Basic Usage¶

This guide assumes you have your original contigs assembled into a file original_contigs.fa and that you have mapped reads from several samples to these contigs into .bam files. Note that the assembly can be constructed using either one single sample or several (usually all) samples. In either case, all sample reads should be mapped against the assembly to achieve the best binning performance.

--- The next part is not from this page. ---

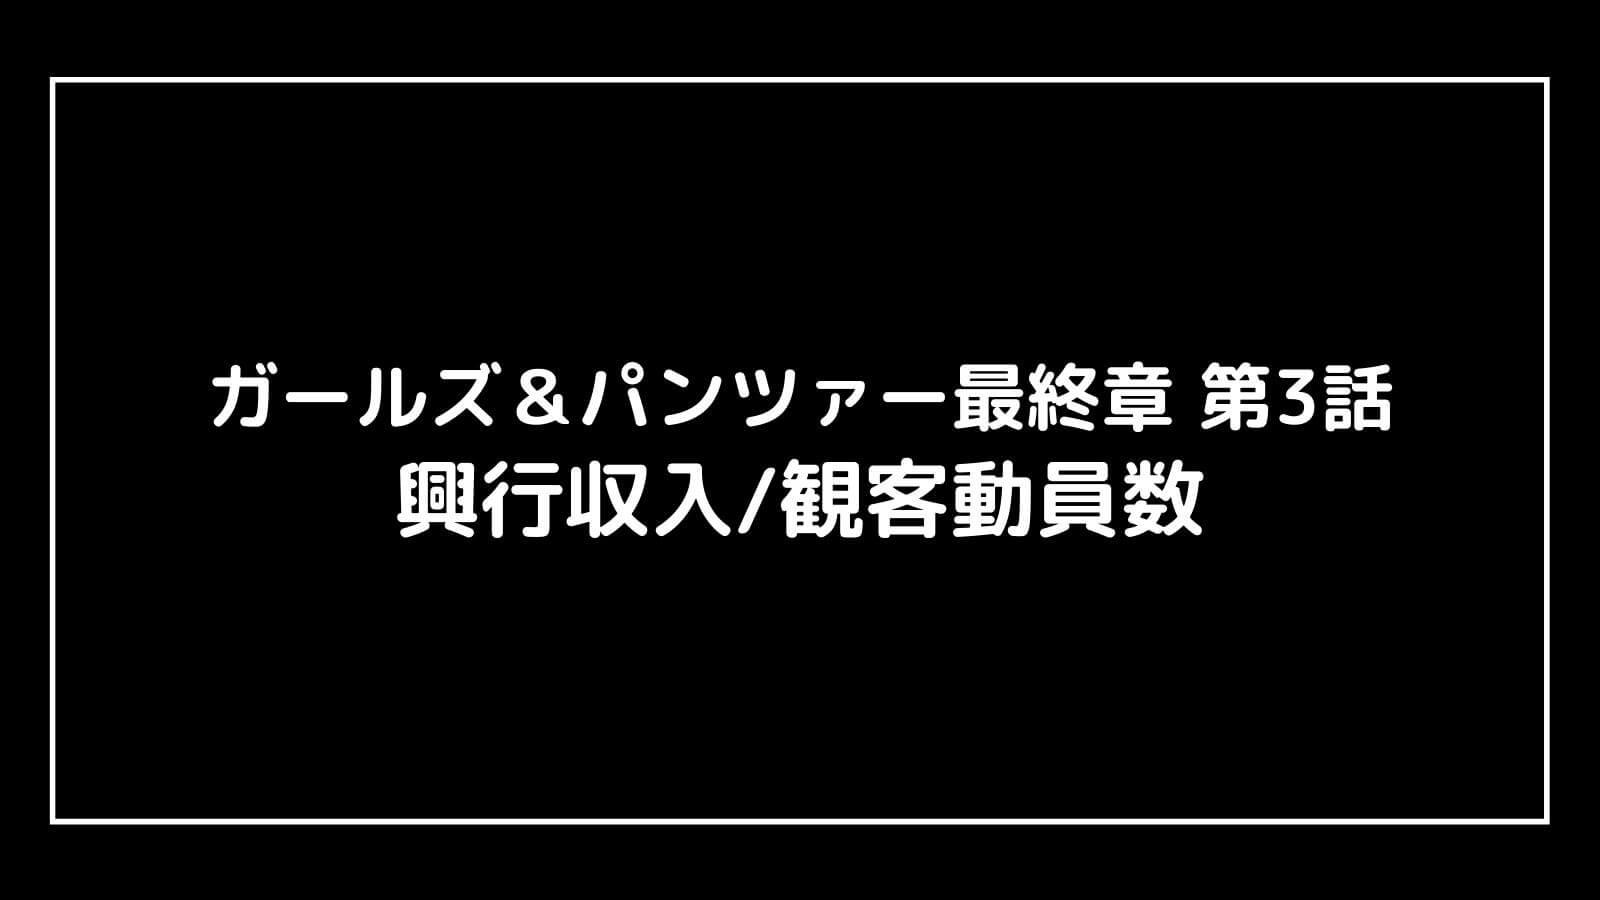 映画『ガルパン最終章第3話』現在の興行収入推移と最終興収を元映画館社員が予想

The next step is then to cut contigs into smaller parts:

cut_up_fasta.py original_contigs.fa -c 10000 -o 0 --merge_last -b contigs_10K.bed > contigs_10K.fa

Generate table with coverage depth information per sample and subcontig. This step assumes the directory ‘mapping’ contains sorted and indexed bam files where each sample has been mapped against the original contigs:

concoct_coverage_table.py contigs_10K.bed mapping/Sample*.sorted.bam > coverage_table.tsv

Run concoct:

concoct --composition_file contigs_10K.fa --coverage_file coverage_table.tsv -b concoct_output/

Merge subcontig clustering into original contig clustering:

merge_cutup_clustering.py concoct_output/clustering_gt1000.csv > concoct_output/clustering_merged.csv

Extract bins as individual FASTA:

mkdir concoct_output/fasta_bins
extract_fasta_bins.py original_contigs.fa concoct_output/clustering_merged.csv --output_path concoct_output/fasta_bins

These bins should now be evaluated and filtered for completeness and contamination using for example CheckM or BUSCO.